### Data segment
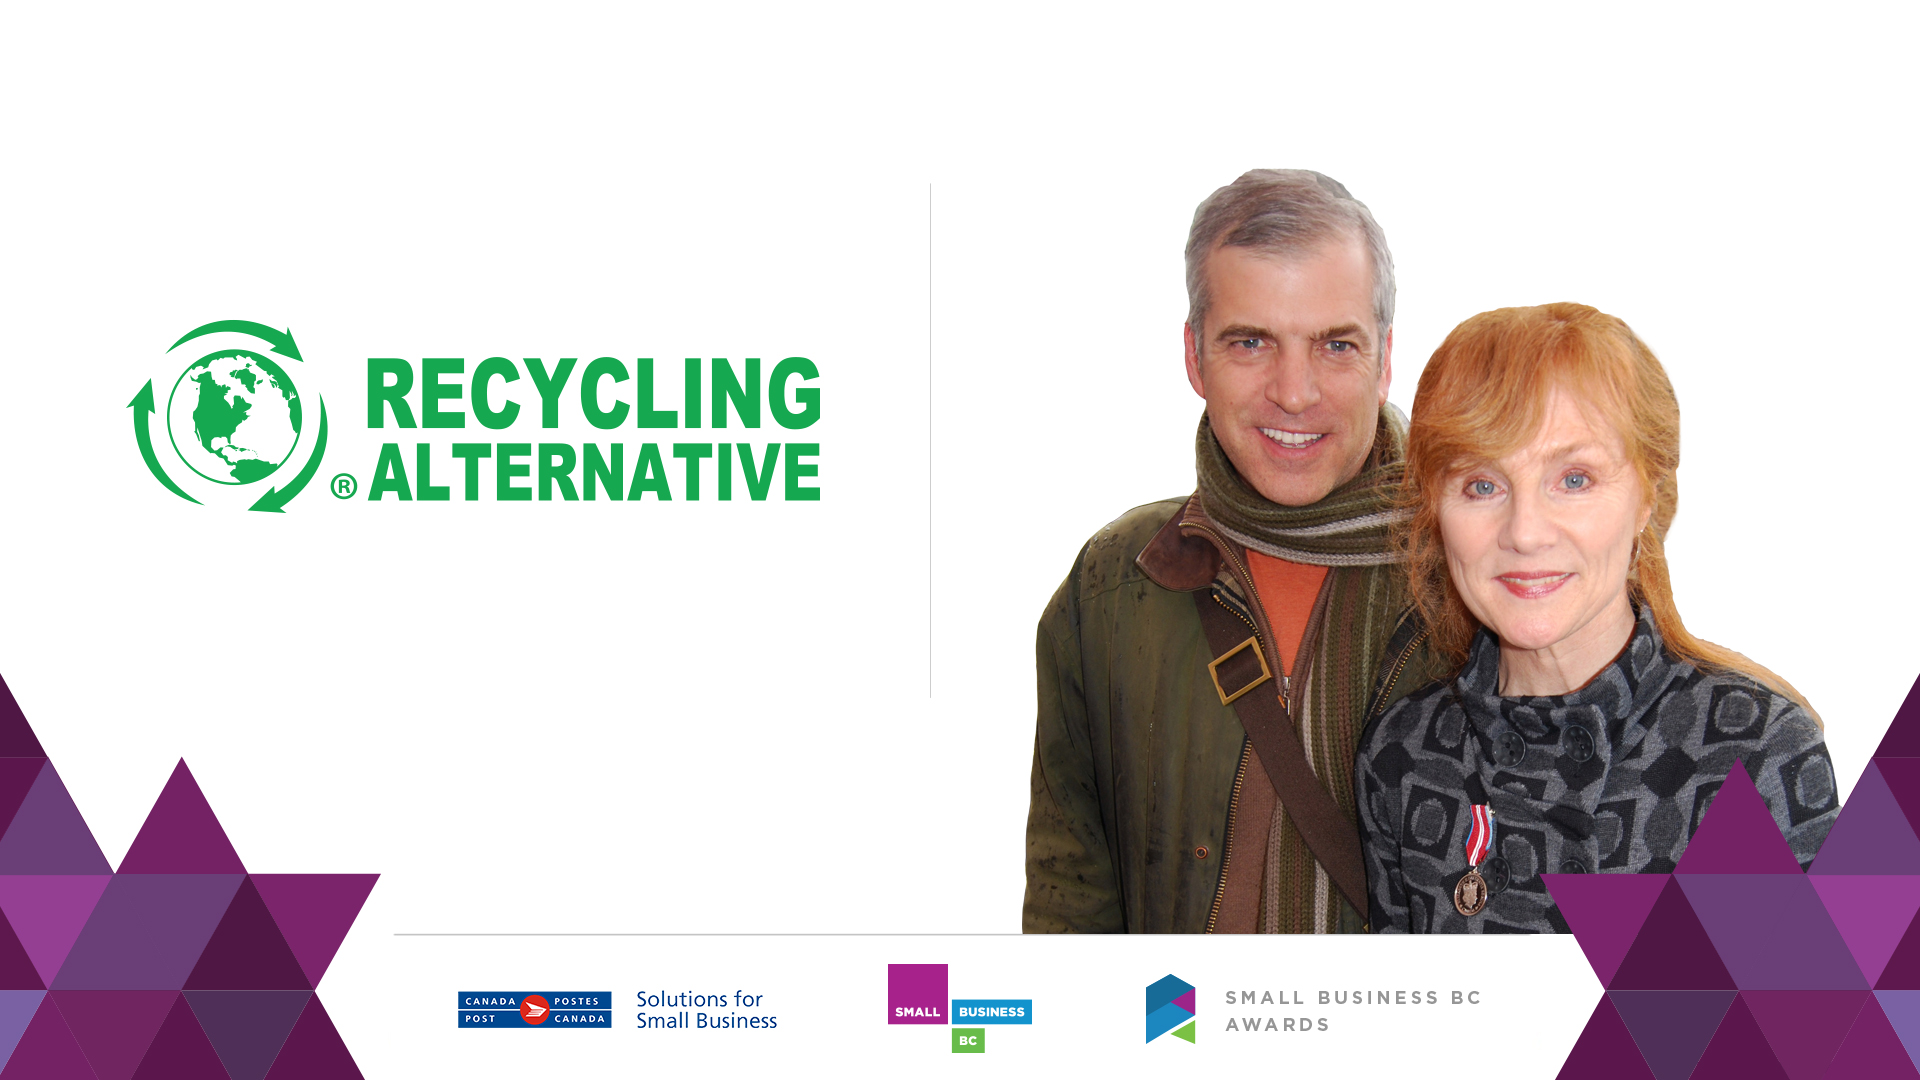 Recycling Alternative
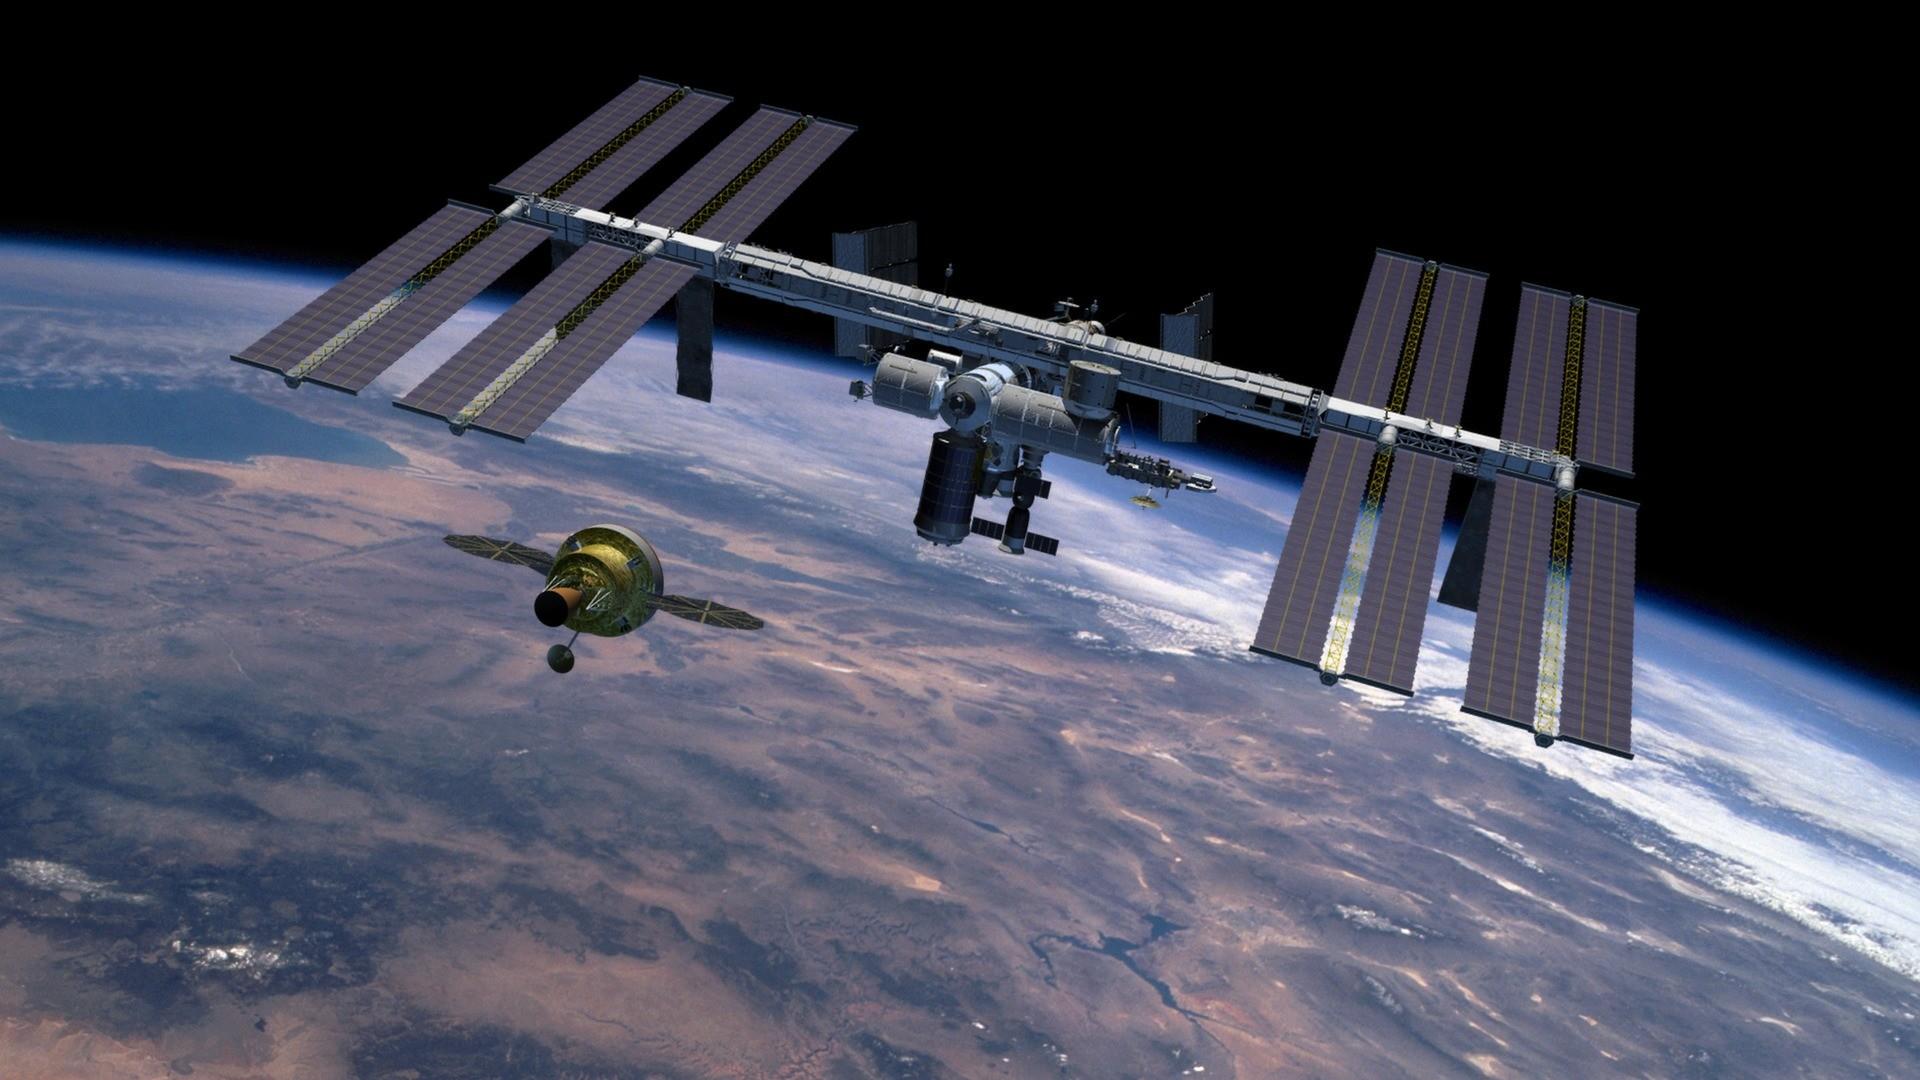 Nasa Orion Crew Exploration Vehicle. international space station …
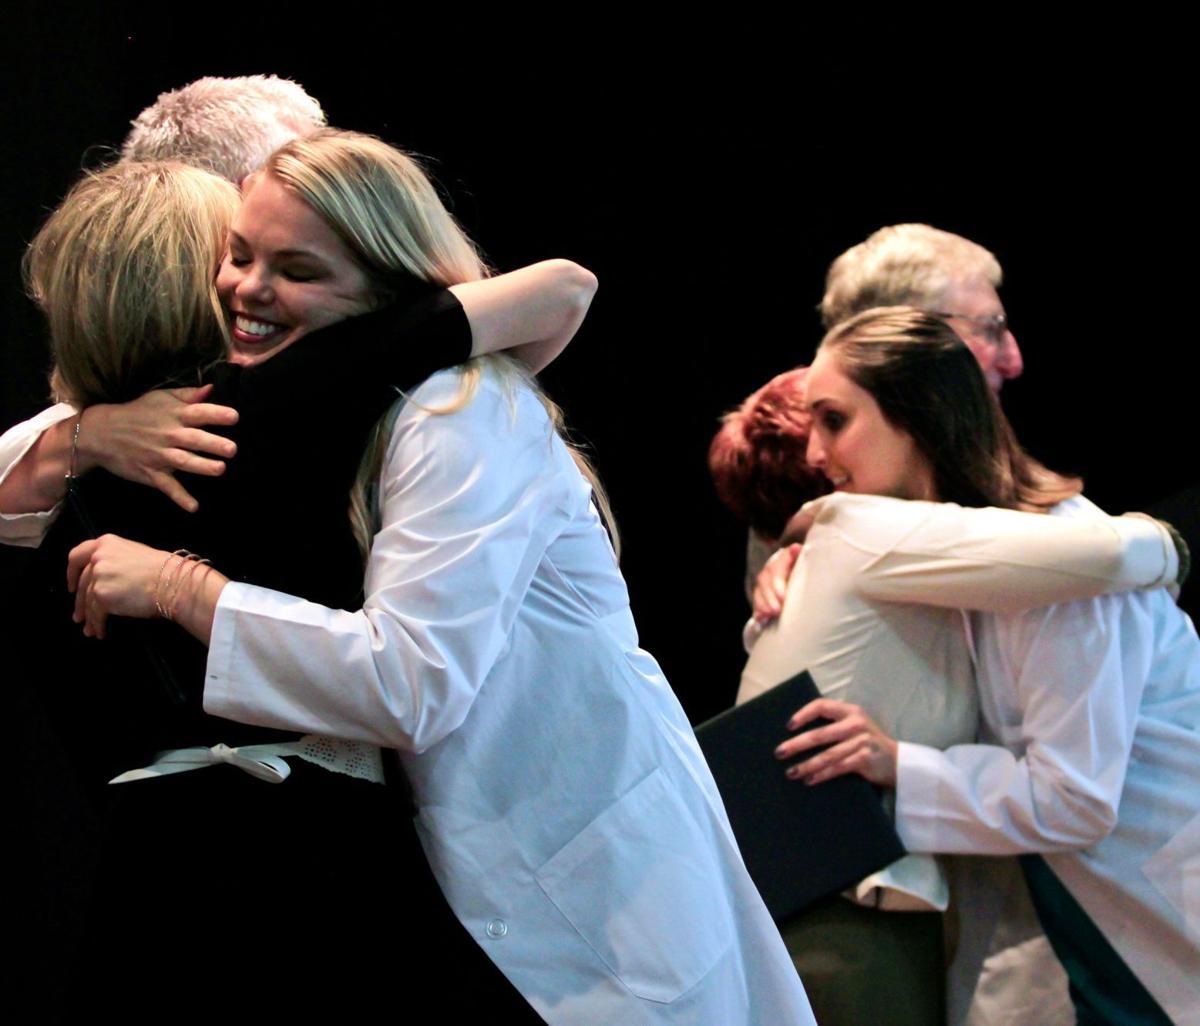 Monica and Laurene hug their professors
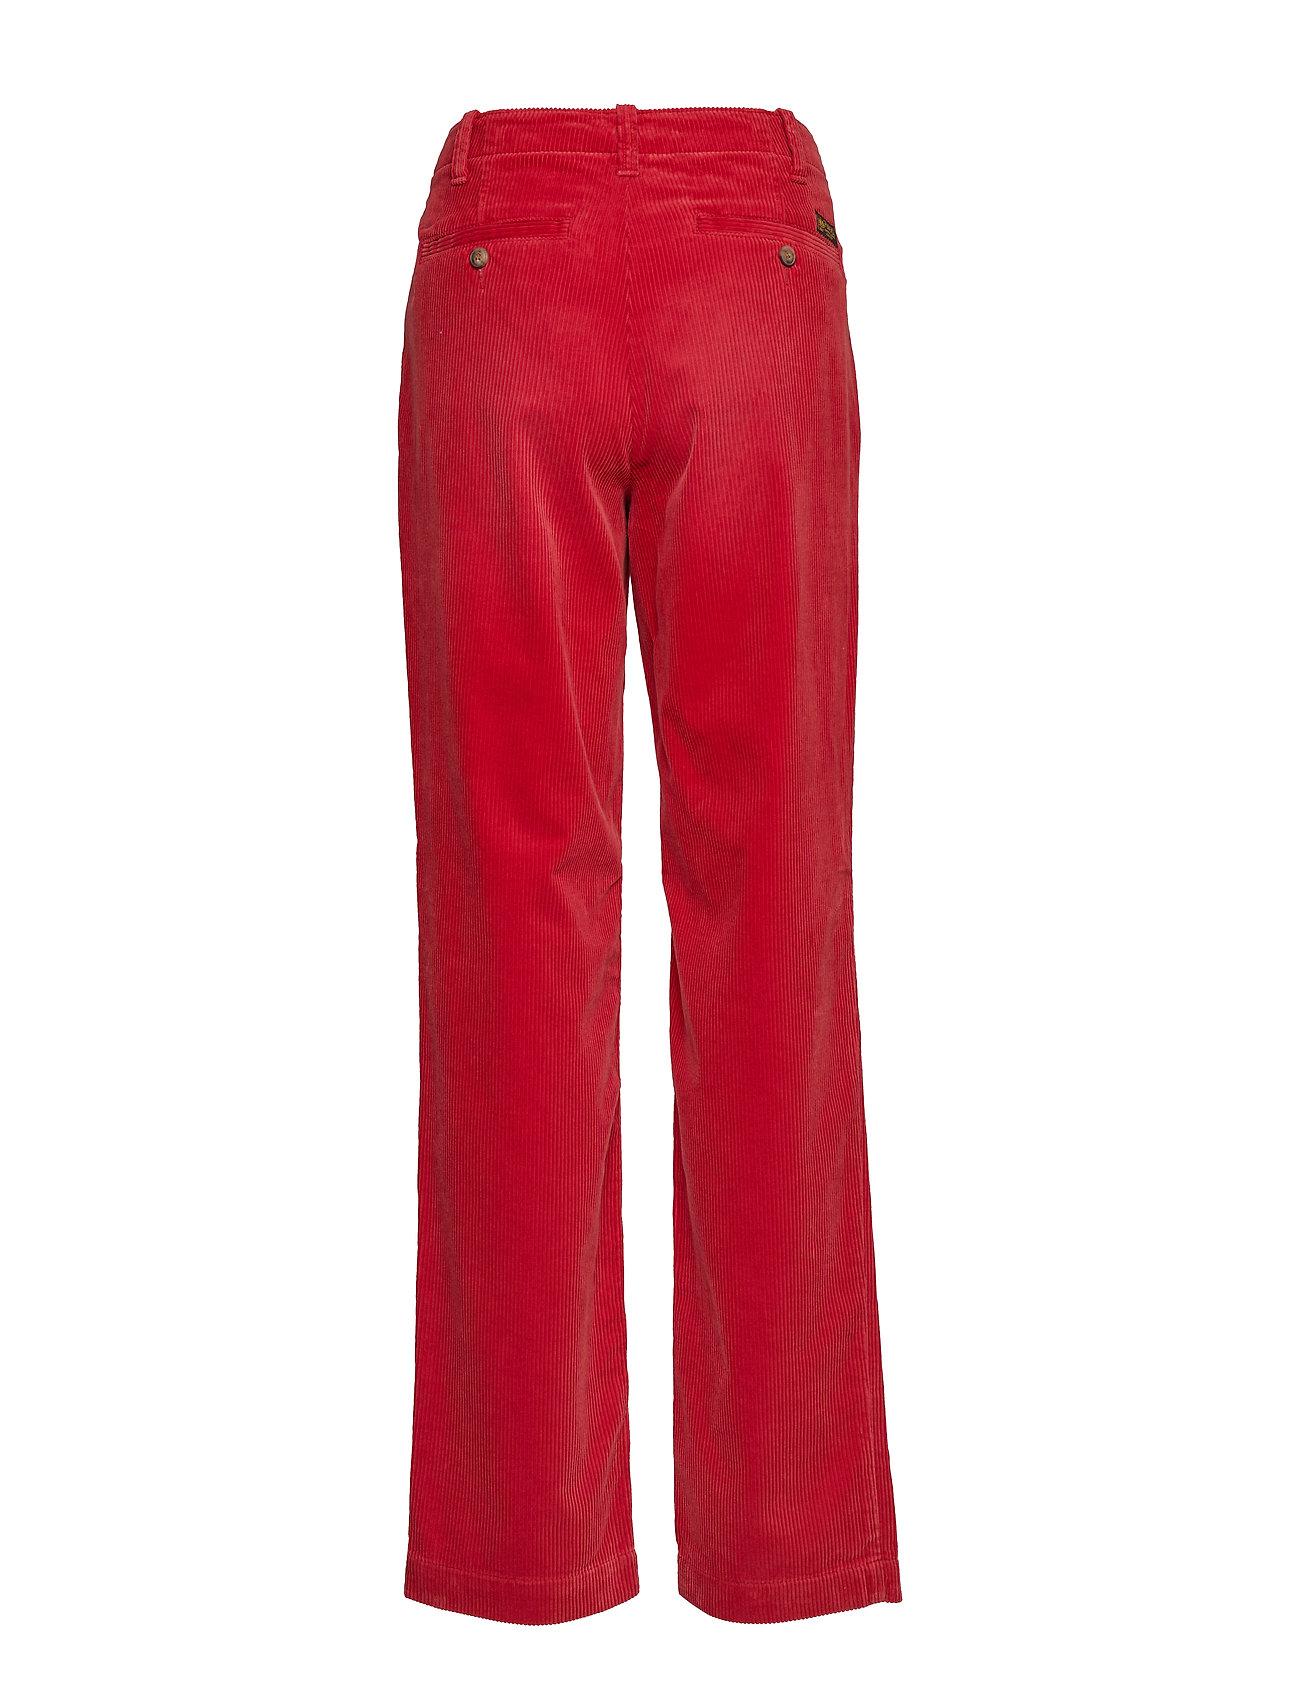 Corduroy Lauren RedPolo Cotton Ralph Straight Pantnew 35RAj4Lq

### What you need to do
Every line of the data above should be repeated exactly. Omit the pictures.

### Task result
 Recycling Alternative
 Nasa Orion Crew Exploration Vehicle. international space station …
 Monica and Laurene hug their professors
 Corduroy Lauren RedPolo Cotton Ralph Straight Pantnew 35RAj4Lq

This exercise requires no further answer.